The session attracted legal luminaries from across the country, who gathered to pay their last respects to the foremost jurist, first Bini indigene to become a Supreme Court Justice, who participated in a total of 658 judgements while at the apex court.
Declaring the court session open, Chief Judge of Edo State, Justice Esohe Ikponmwen, who was represented by Justice Ikpomwonba Ehigiamusoe, recounted landmark judgements of the late justice and extolled his sagacity on the bench.
“He was a man of great intellect and wisdom, a passionate and erudite icon of the bench, among the finest and the best. His lordship will always be remembered for his deep knowledge of the law and as an advocate of morality, integrity, excellence and a strong defender of the rule of law,” Justice Ikponmwen said.
In their tributes, Chief Justice of the Federation, Justice Walter Onnoghen, who was represented by Justice Ejembi Eko, Attorney General of Edo State, Professor Yinka Omoregbe, and the Chairman Nigeria Bar Association, Edo State chapter, Mr. Ede Asenoguan, all spoke glowingly of the man, Andrews Otutu Obaseki. They described him as a jurist par-excellence and a legal icon who had passion for justice and fairness, evidenced in his landmark judgements.

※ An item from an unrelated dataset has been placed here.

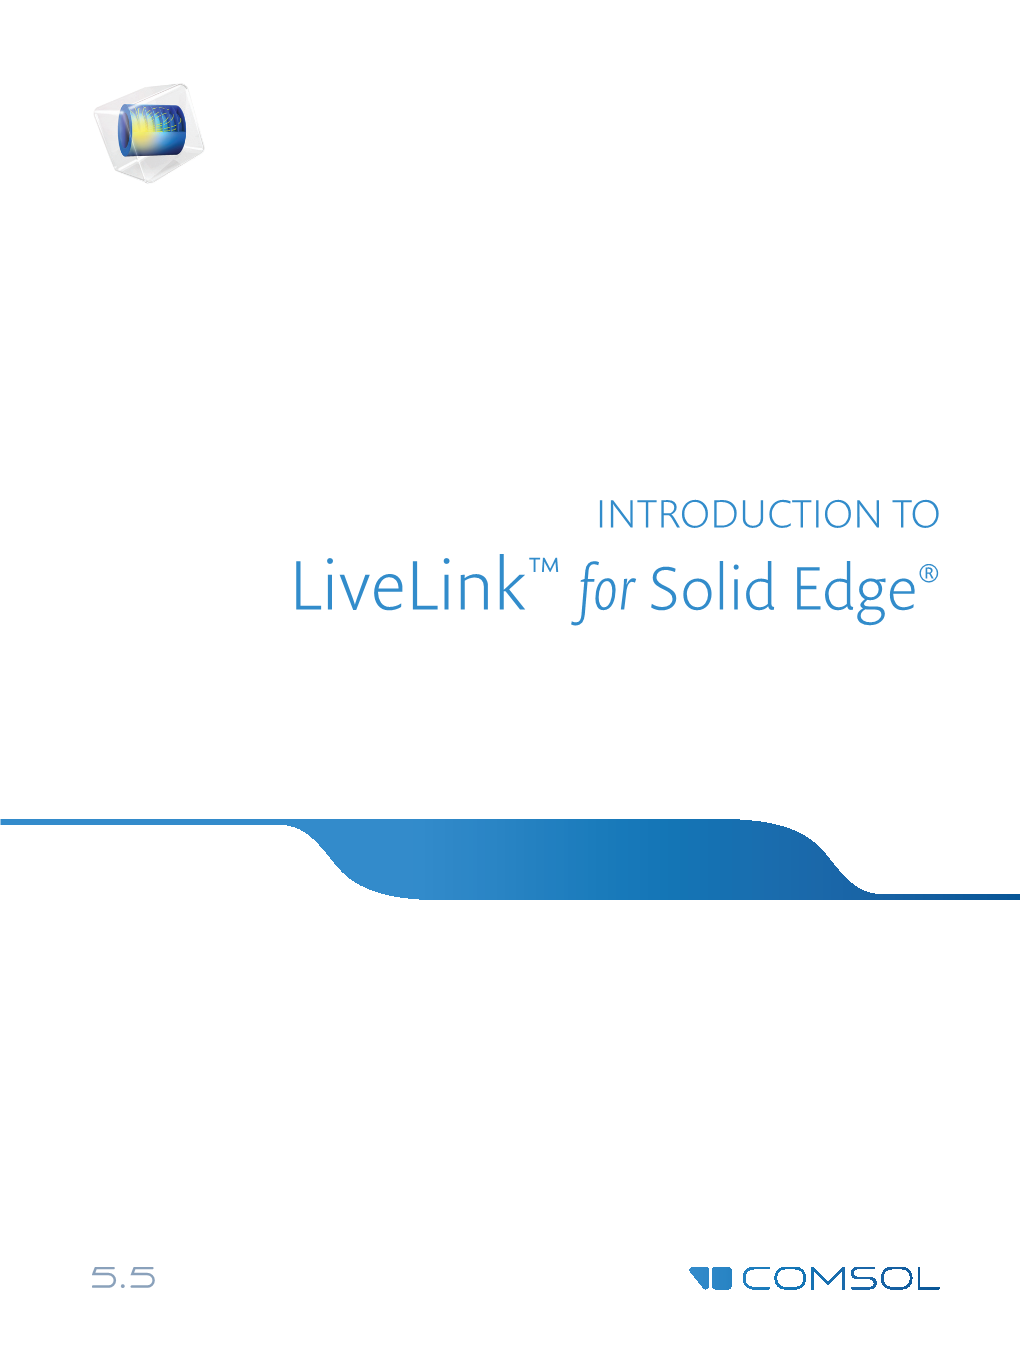 Introduction to Livelink for Solid Edge

The nephew of the deceased and Governor of Edo State, Mr. Godwin Obaseki, said he was taught the value of hard work by his late uncle, and as a way to sustain the legacy he left behind, he would strengthen the state judiciary to play its role in the development of the state.
“I will ensure we strengthen the judiciary to play the role it ought to play in the society. I understand the implication of not having a good judiciary, where judges are not paid and work in an environment that is not conducive to work, such a system will affect the dispensation of justice,” he said
Obaseki assured the judiciary that his administration understands the importance of the rule of law and justice in the society and would ensure the judiciary receives the necessary support to enable it dispense justice.
Recounting his experience under his late uncle, Governor Obaseki said he was a child of the judiciary as he had the privilege and rare opportunity to grow under the tutelage of the late Andrews Otutu Obaseki, with whom he attended court sessions.
“He has instilled great virtues and values in us. He stood for the truth and represented the truth, which does not change. He was a man of integrity, and we carried ourselves as such. He taught us simplicity and humility and fairness, when you are wrong, you are wrong.”
To allow for the removal of Late Justice Obaseki’s remains from the High Court well, a Motion on Notice was moved by the Edo State Attorney General, Professor Yinka Omoregbe, and Chief Judge of the State, Justice Esohe Ikponmwen ruled in favour of the motion on notice.
Gov. Godwin Obaseki of Edo State, addressing the court during the valedictory court session held in honour of Late Justice Andrews Otutu Obaseki, in Benin City on Thursday.